Moreover, why are law-abiding citizens being treated like convicts? Several protesters opposing draconian shutdown orders have been arrested.

“We have petitioned; we have remonstrated; we have supplicated; we have prostrated ourselves before the throne, and have implored its interposition to arrest the tyrannical hands of the ministry and Parliament,” Henry stated. “Our petitions have been slighted; our remonstrances have produced additional violence and insult; our supplications have been disregarded; and we have been spurned, with contempt, from the foot of the throne!”

All throughout the nation, America’s equally arrogant Ruling Class, every one of whom remain largely immune to the consequences of their utterly capricious decisions, have demonstrated ample amounts of similarly elitist contempt for their fellow Americans. Americans trapped in an unemployment pandemic every bit as bad — if not worse — than the viral one.

Such realities apparently resonated with both Gov. Greg Abbott and the Supreme Court of Texas. Last Wednesday, Abbot amended his executive order. “I am eliminating jail for violating an order, retroactive to April 2, superseding local orders,” Abbott stated. “Criminals shouldn’t be released to prevent COVID-19 just to put business owners in their place.” A day later, the Court ordered Shelly’s release.

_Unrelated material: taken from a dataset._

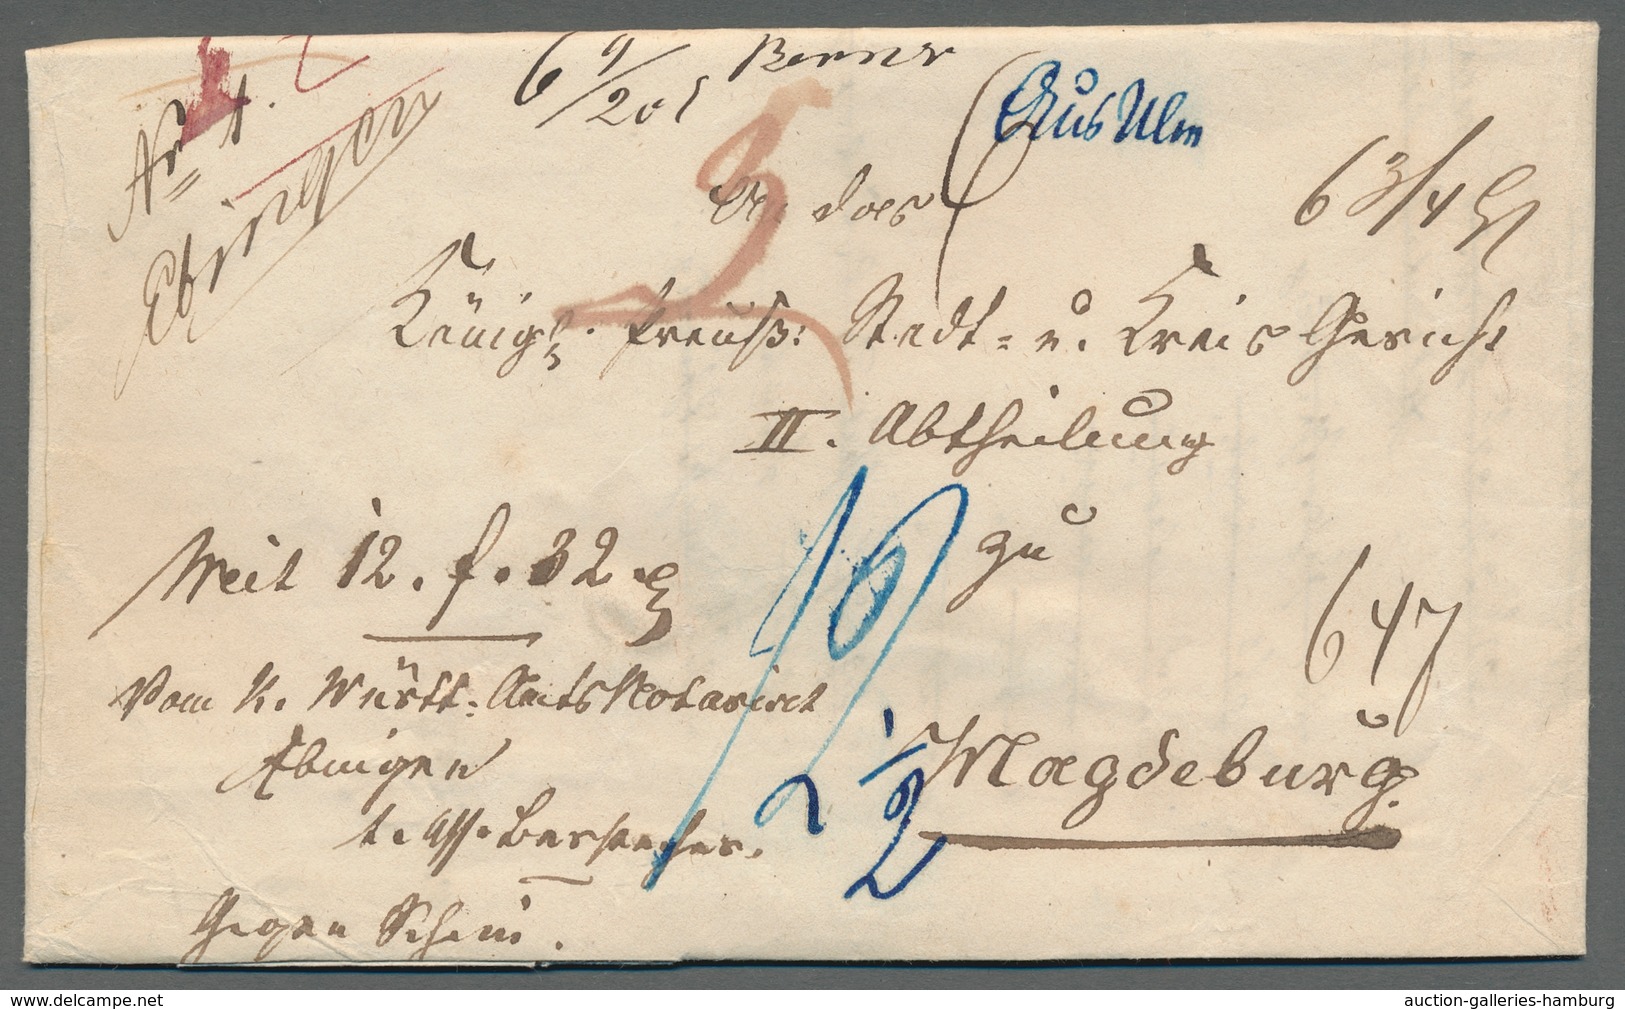 Altdeutschland - Vorphila: 1755-1867, Sammlung von 41 Vorphilabriefen und markenlosen Briefen in ein
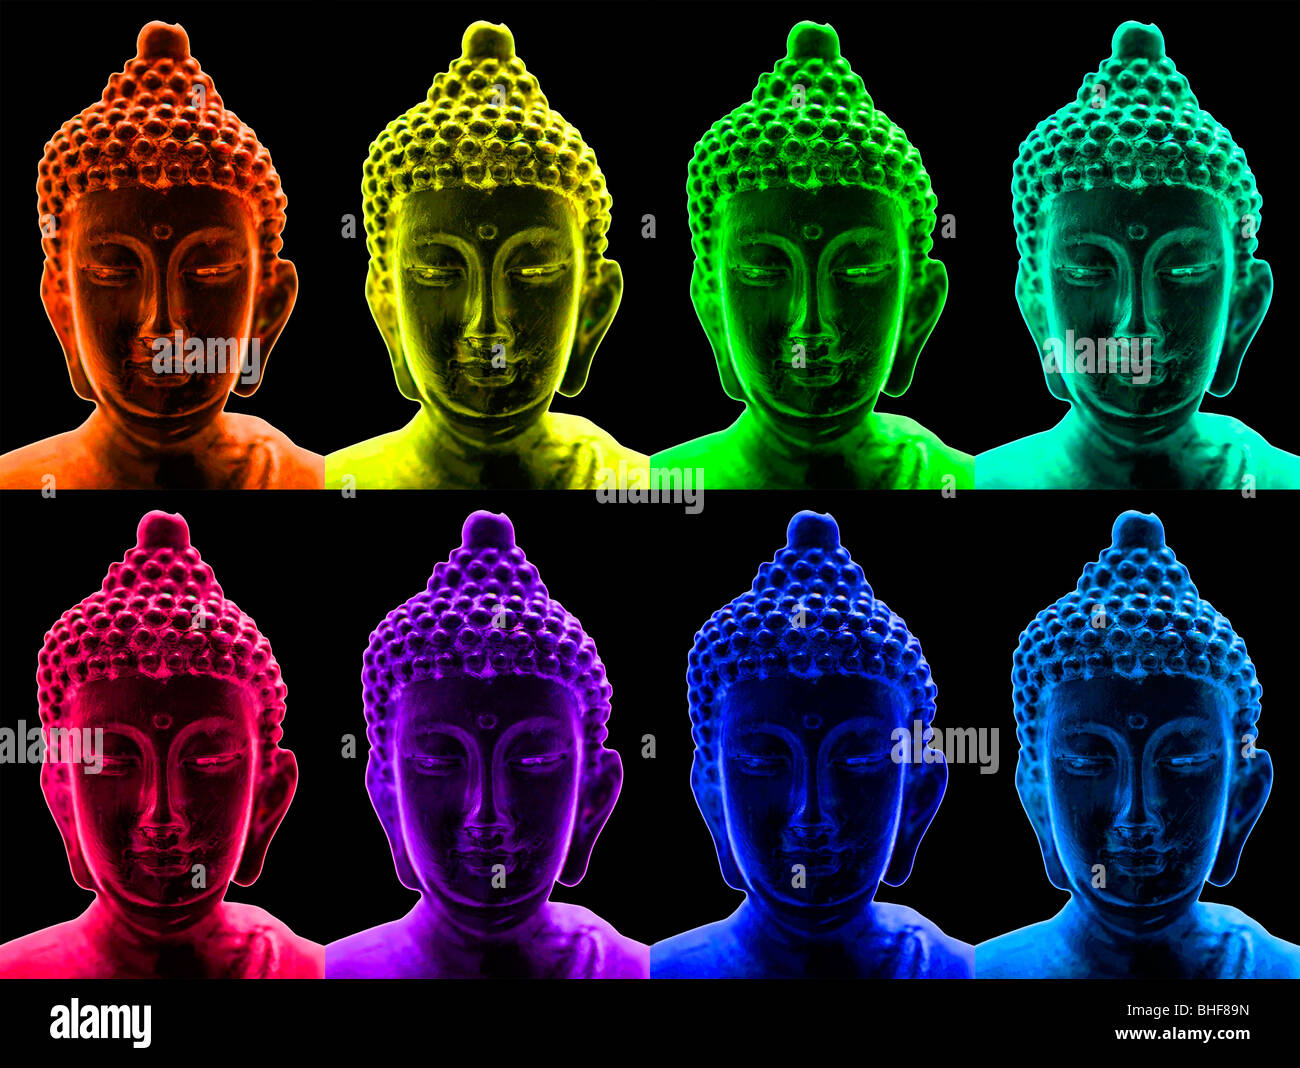 Ritratti di Buddha in un pop art style Foto Stock

“If we wish to be free,” Henry stated, “if we mean to preserve inviolate those inestimable privileges for which we have been so long contending — if we mean not basely to abandon the noble struggle in which we have been so long engaged, and which we have pledged ourselves never to abandon until the glorious object of our contest shall be obtained — we must fight! I repeat it, sir, we must fight!”

Two hundred and forty five years later, nothing has changed. Americans must once again fight to defend our Liberty. There is no nobler struggle than that. Kudos to Shelly Luther for reminding us.